Hem edimsel öğrenme hem de klasik (tepkisel) öğrenme uyarıcı – tepki ilişkisine dayanır ve her iki öğrenmede de tüketici (birey) pasif konumdadır.

Bilişsel Öğrenme Kuramı Bilişsel (cognitive) öğrenme kuramlarına göre, öğrenmeyi bağlantı ve şartlanma kavramları ile açıklamak yeterli değildir. Öğrenme bilme, anlama ve sezme gibi zihinsel etmenlerle ortaya çıkar. Öğrenme daha çok zekanın ürünüdür.

İster klasik koşullanmada olsun isterse edimsel koşullanmada olsun öğrenme otomatik tepki şeklinde ele alınırken, bilişsel öğrenme teorileri ise öğrenmenin bilinçli bir süreç neticesinde gerçekleştiği şeklinde düşünülür.

Bilişsel öğrenmede içsel zihinsel süreçler üzerinde durularak, tüketici bilinçli bir şekilde etrafından bilgi toplayan bir problem çözücü olarak ele alınır.

Model Alma Kuramı Model alma kuramına göre öğrenme, bireyin kendini çekici ya da uygun olarak algılanan bir modelle özdeşleştirmesi ile sağlanır.

Bir sinema filminde çok beğenilen bir artistin davranışı model olarak bireyler tarafından alınabilir.

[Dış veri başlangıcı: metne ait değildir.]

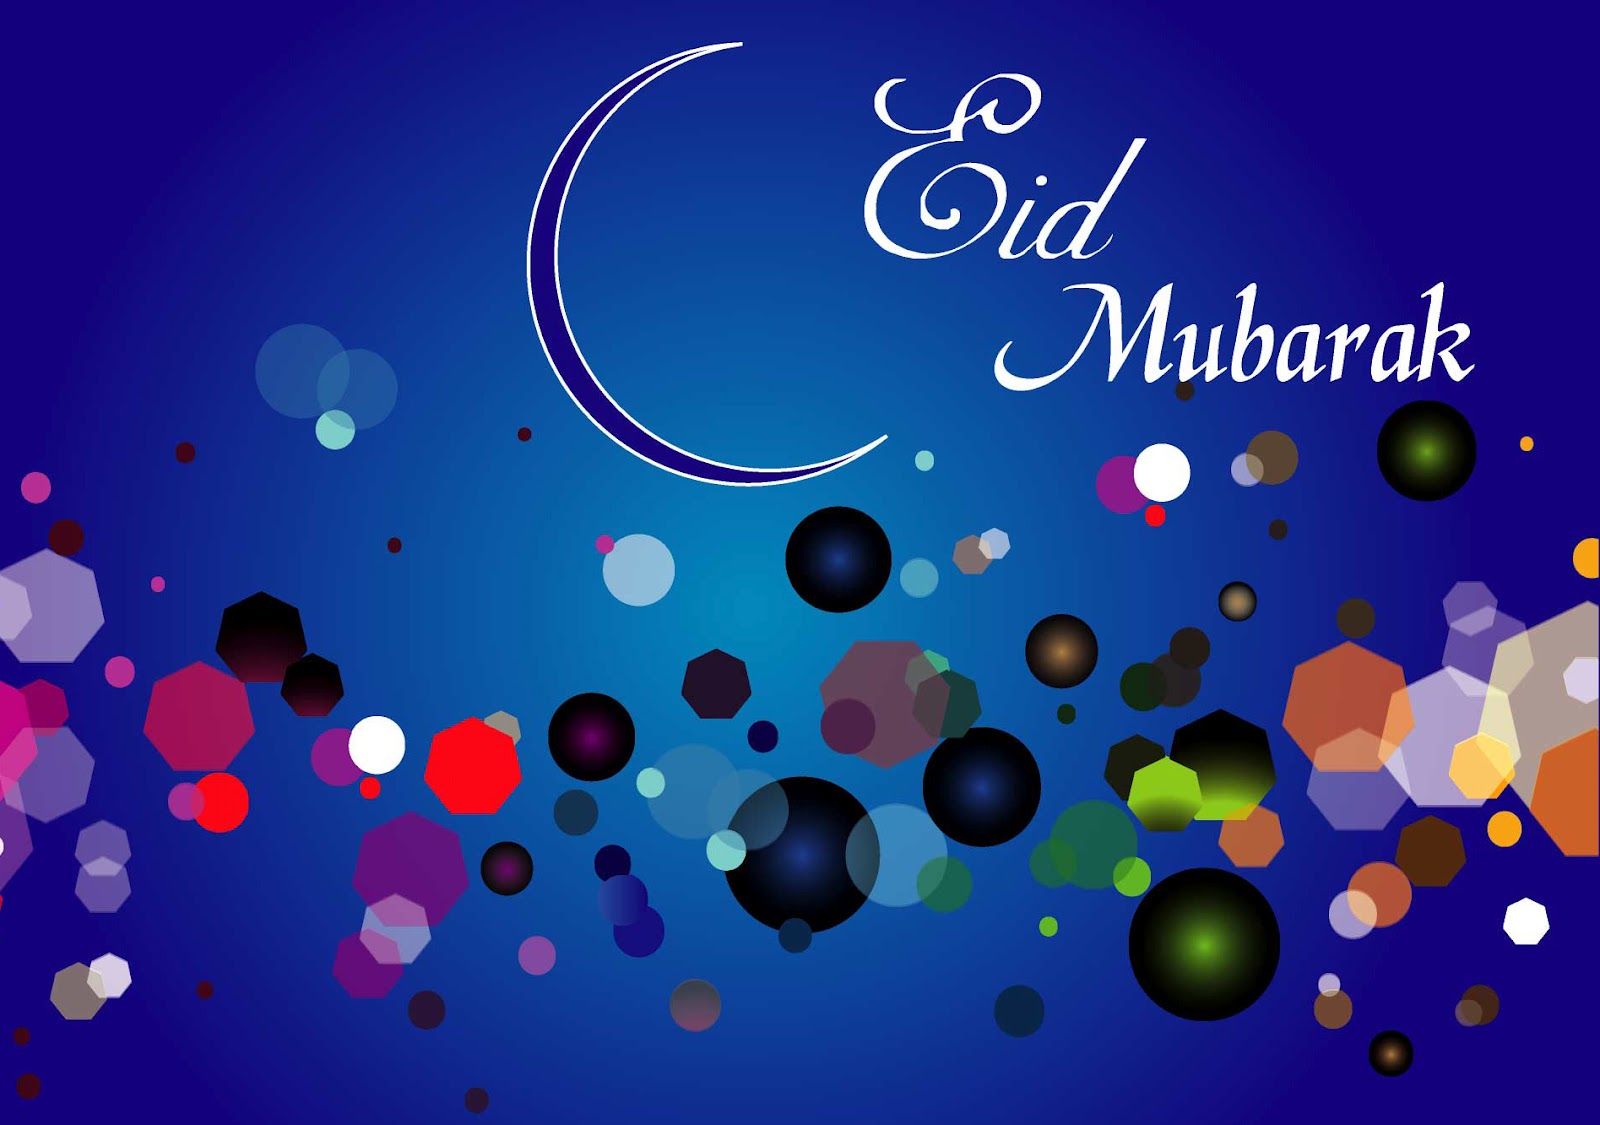 Eid Al Fitr 2020 Image, Wishes, Quotes, Greetings, Messages And Whatsapp Status
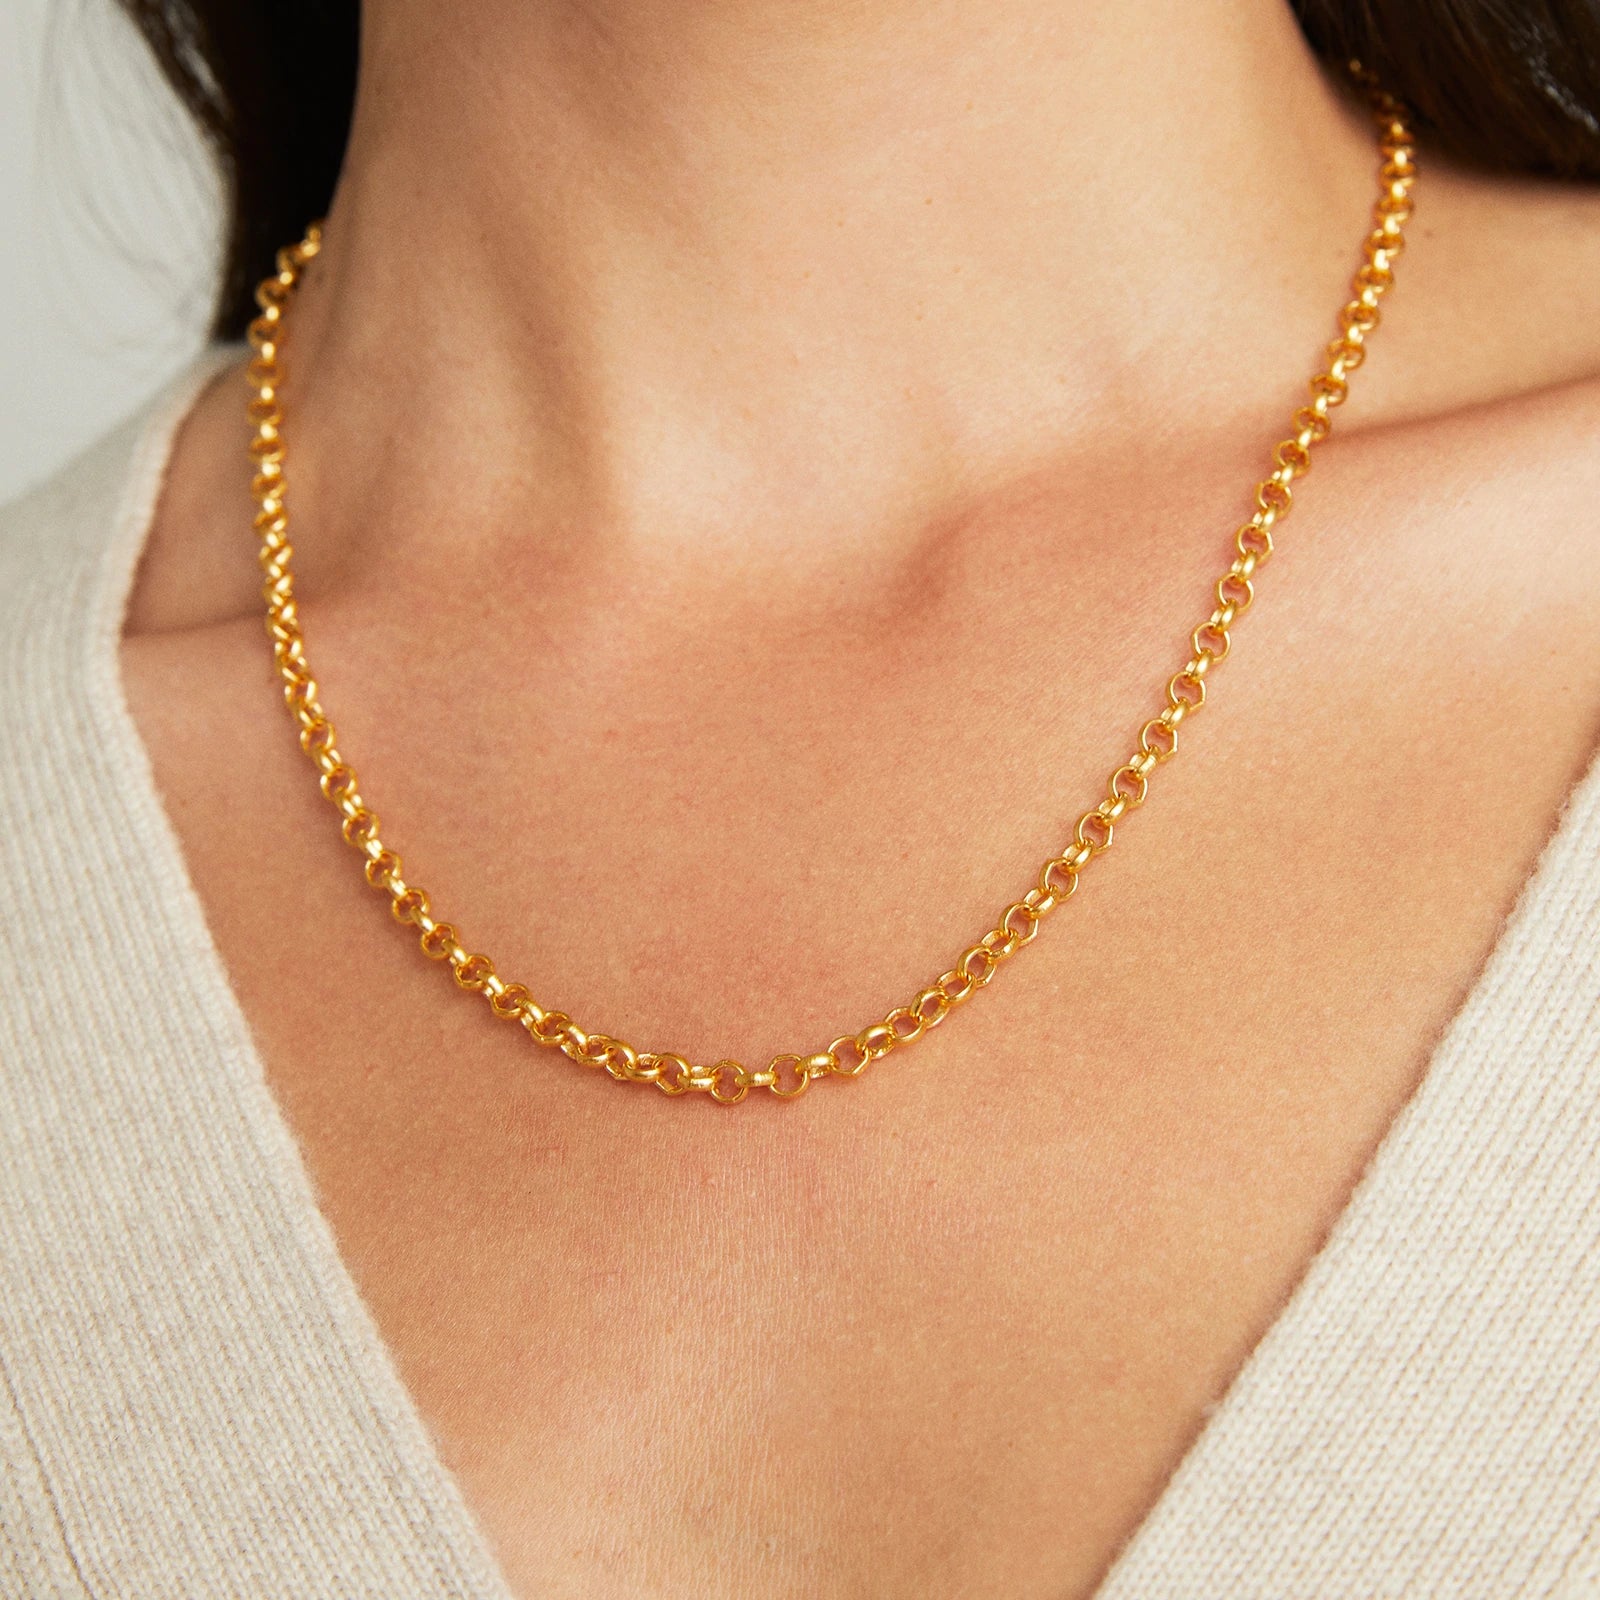 14k Gold Rolo Chain Necklace 6mm | Everyday Jewelry | Ethical Fine Jewelry

Örneğin; ülkemiz TV’lerinde gösterilen Sıla dizisindeki Sıla karakterinin taktığı kelebek toka, Deli Yürek dizisindeki karakterlerin giyim tarzının çok sayıda insan tarafından benimsenmesi gibi.

Sonuç olarak, “Öğrenme” tüketici davranışları ve marka sadakati yaratma ve ürünlerin konumlandırılması ve imaj yaratma açısından vazgeçilemez bir olgudur.

Öğrenme pazarlama açısından önemli olan tüketici tutumlarının şekillenmesinde belirleyici rol oynamaktadır.